Force between two charges when the dielectric constant of the material varies? If two point charges $q_{1}$ and $q_{2}$ are seperated by a distance $l$ apart, and the space between them is filled with a variable dielectric constant. Near $q_{1}$, the dielectric constant is $K_{1}$, and near $q_{2}$, it is $K_{2}$ while increasing linearly with distance. Then I need to find the interaction force between the two charges.
I saw this answer, but I don't understand how I can use that result for my problem. I assume the answer involves integration(which I know), since the dielectric constant is varying. 
Please, I don't need a solution, just a brief explanation of how to go about this. 
 A: Take the distance between the charges as $D$, and we'll assume that the dielectric constant, $K$, at a distance $x$ between the charges is given by some function $f(x)$. Actually let's assume that $f(x)$ gives $\sqrt{K}$ as this makes the notation clearer.

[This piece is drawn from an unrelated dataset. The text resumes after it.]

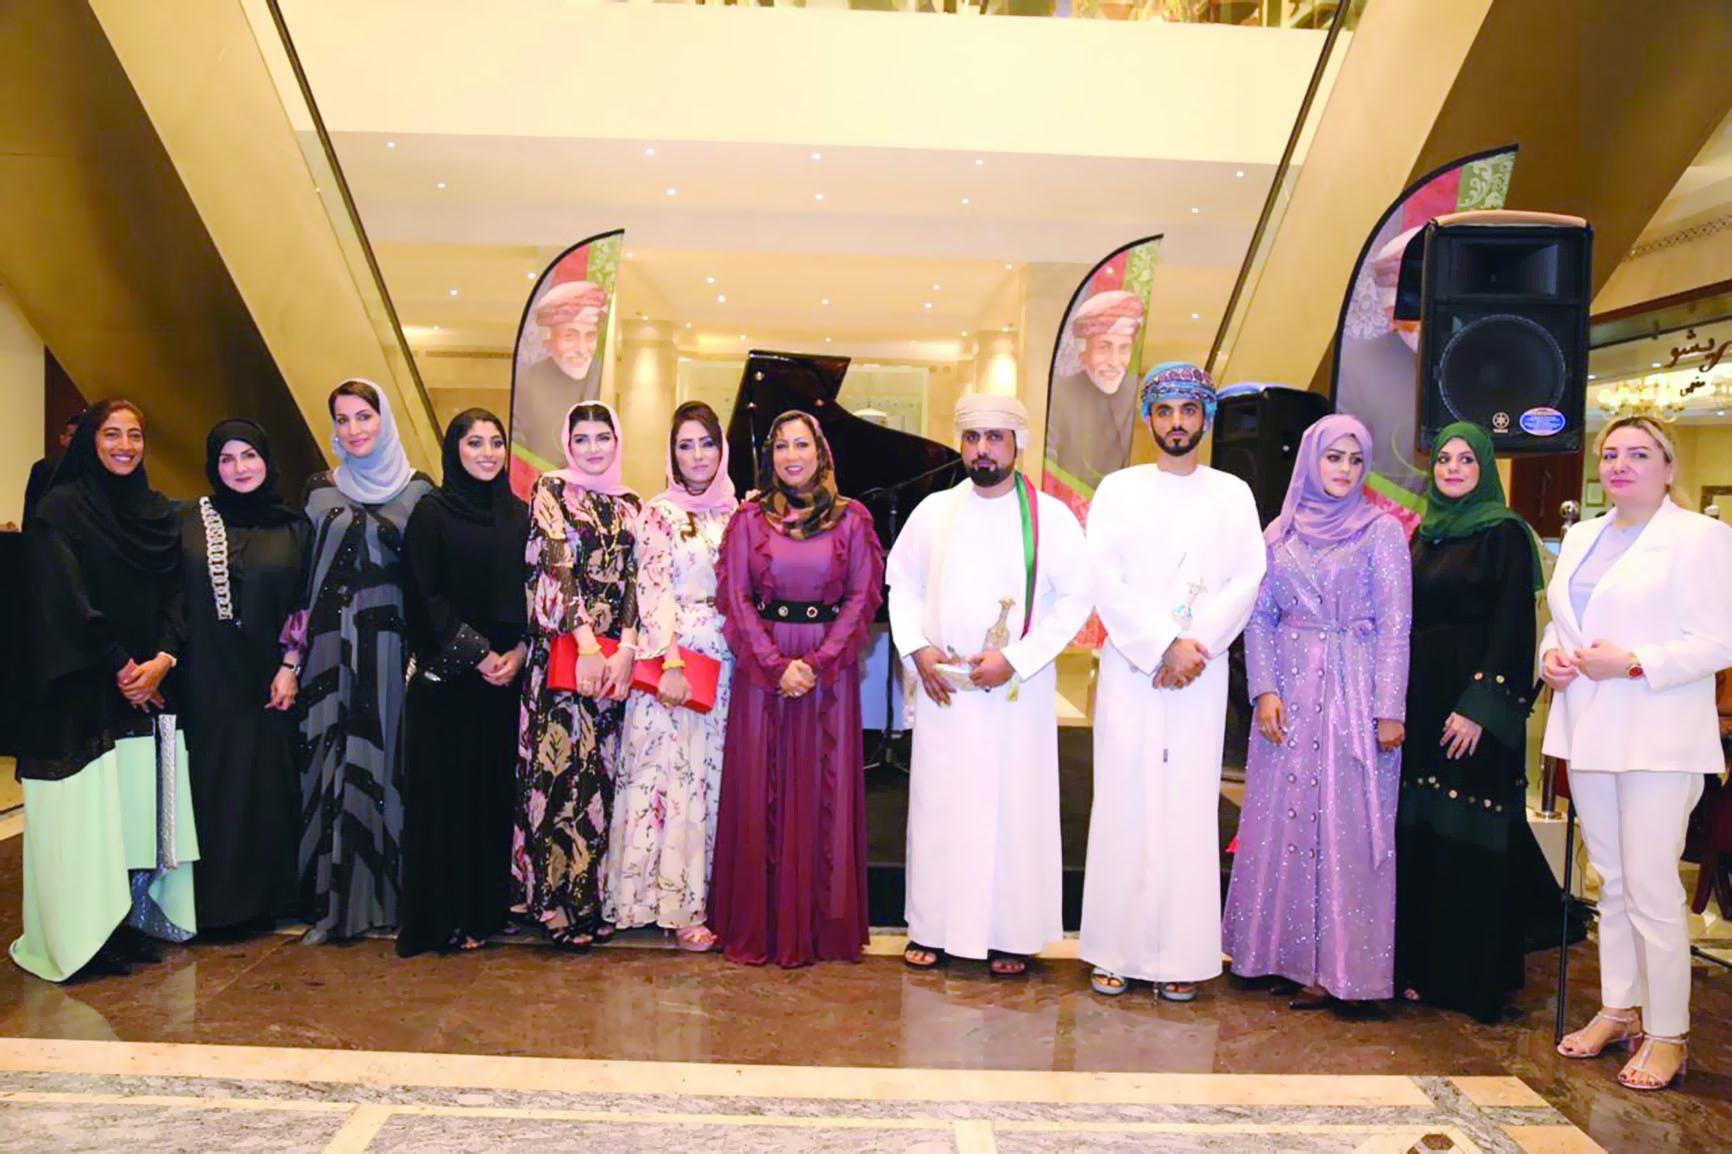 برعاية «صحيفة وإف أم الشبيبة» «أنغام عمانية» تحط رحالها في الأوبرا جالاريا

If you take some small element $dx$, then the effective length of this element is $\sqrt{K}\, dx = f(x)\, dx$. We get the total effective length by integrating to add up all the $dx$s, so the total effective length $L$ is:
$$ L = \int_0^D f(x)\, dx $$
And that's it. You need to work out what function $f(x)$ gives you $\sqrt{K}$ at a distance $x$ between the charges, then do the integration to work out $L$. Finally, the force is just:
$$ F = \frac{kq_1q_2}{L^2} $$
A: If the charges are seperated by dielectric slabs of fixed dielectric constants that is easy to solve by calculating the effective length of dielectric in vacuum.But if it some function of distance then we need to know the Function first to find the effective distance in vacuum.